Martha Ann Travis married Nicholas Stallworth Jr. (21 Feb. 1810-15 Jan. 1853) before 1831 in Conecuh County, the son of Nicholas Stallworth and Mary Adams.
In The History of Edgefield County From the Earliest Settlements to 1897, comes these comments: “Prominent among the first generation of young men reared in Conecuh County, Alabama, was Nicholas Stallworth Jr. He was born in Edgefield District, S.C., Feb 21, 1810. When he was only eight years of age he was brought with the remainder of his father's family to Alabama. He was married to Miss Martha Travis, eldest daughter of Rev. Alexander Travis.

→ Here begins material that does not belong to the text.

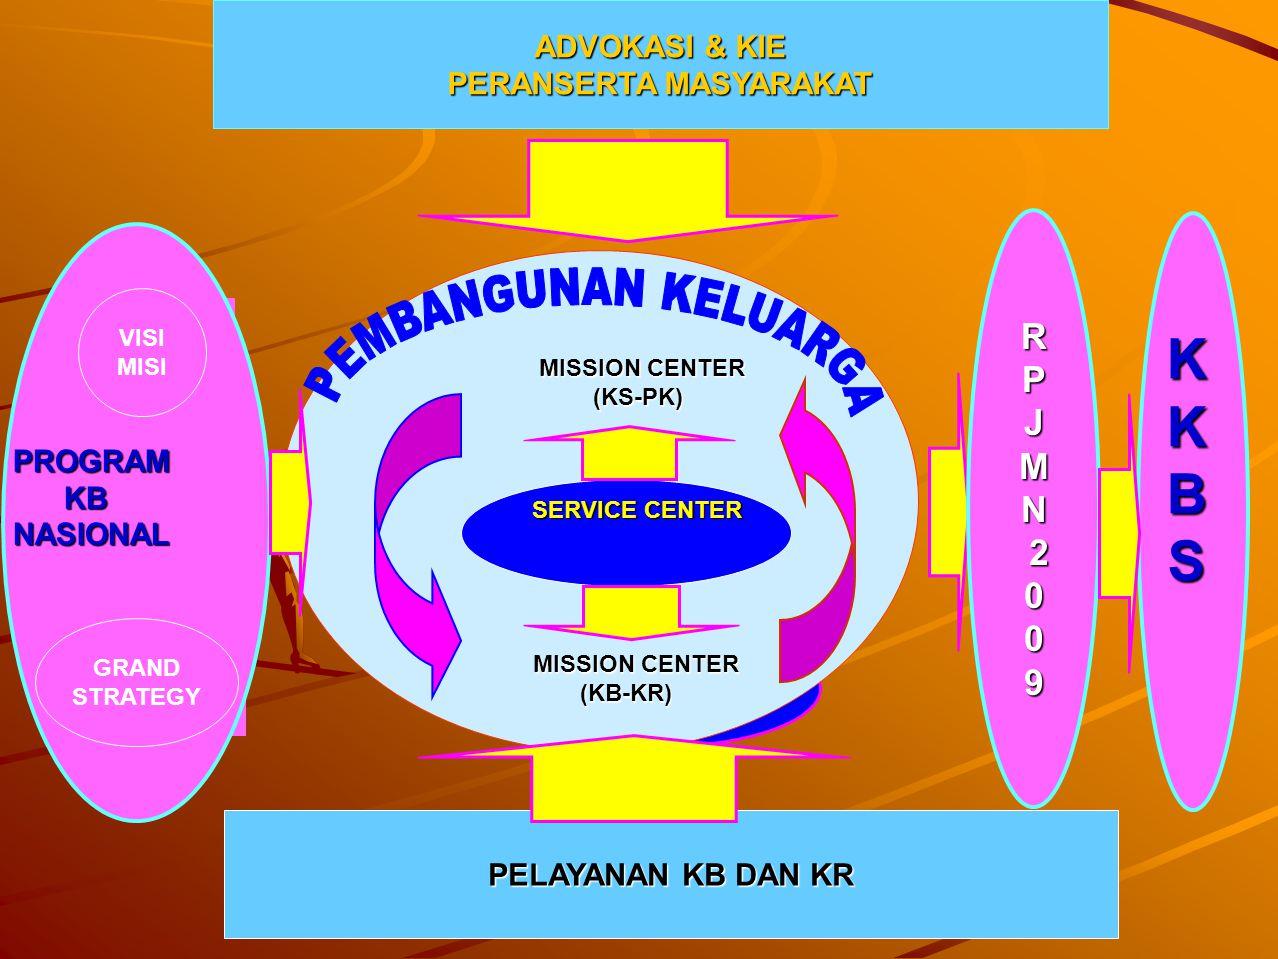 PELAYANAN KB DAN KR KKBS ADVOKASI & KIE PERANSERTA MASYARAKAT MISSION CENTER MISSION CENTER(KS-PK) (KB-KR) SERVICE CENTER VISI MISI GRAND STRATEGY PRO

The result of this union was seven children, among whom were Robert P. Stallworth and Frank M. Stallworth, of Falls County, Texas, Major Nick Stallworth, late of Hilliard's Legion, and Mrs. Barnett, the wife of Honorable Samuel A. Barnett, of Mobile.
Reared at a time and in a community where few schools existed, Mr. Stallworth had to depend almost entirely upon self-training. He lacked none of the virtures of a sterling citizen. Hospitable, liberal, and public spirited, he was quite popular. Without himself seeking the position, he was at one time made circuit clerk of Conecuh County. When, in 1850, the office of judge of probate was made elective, he warmly espoused the candidacy of A.D. Cary. As early as 1838 Mr. Stallworth foresaw the struggle, which reached bloody culmination in 1861. The tendency of existing political issues caused him to predict the dismemberment of the Union, and the probable abolition of slavery. Mr. Stallworth died in 1853, in the prime of manhood. He left descendants, sons, J.A. Stallworth and young Nick Stallworth, who were an honor to their ancestry and to Edgefield.”
Another part of the material that I received, names the children of Martha Travis and Nicholas Stallworth as, Robert P. Stallworth (abt 1831), Mary Stallworth (abt. 1832), Nicholas Stallworth (abt. 1834), Francis Stallworth (abt. 1835), Robert Stallworth (abt. 1837), Martha Stallworth (abt. 1838), Alexander Stallworth (abt. 1842), and Elizabeth Stallworth (abt. 1848).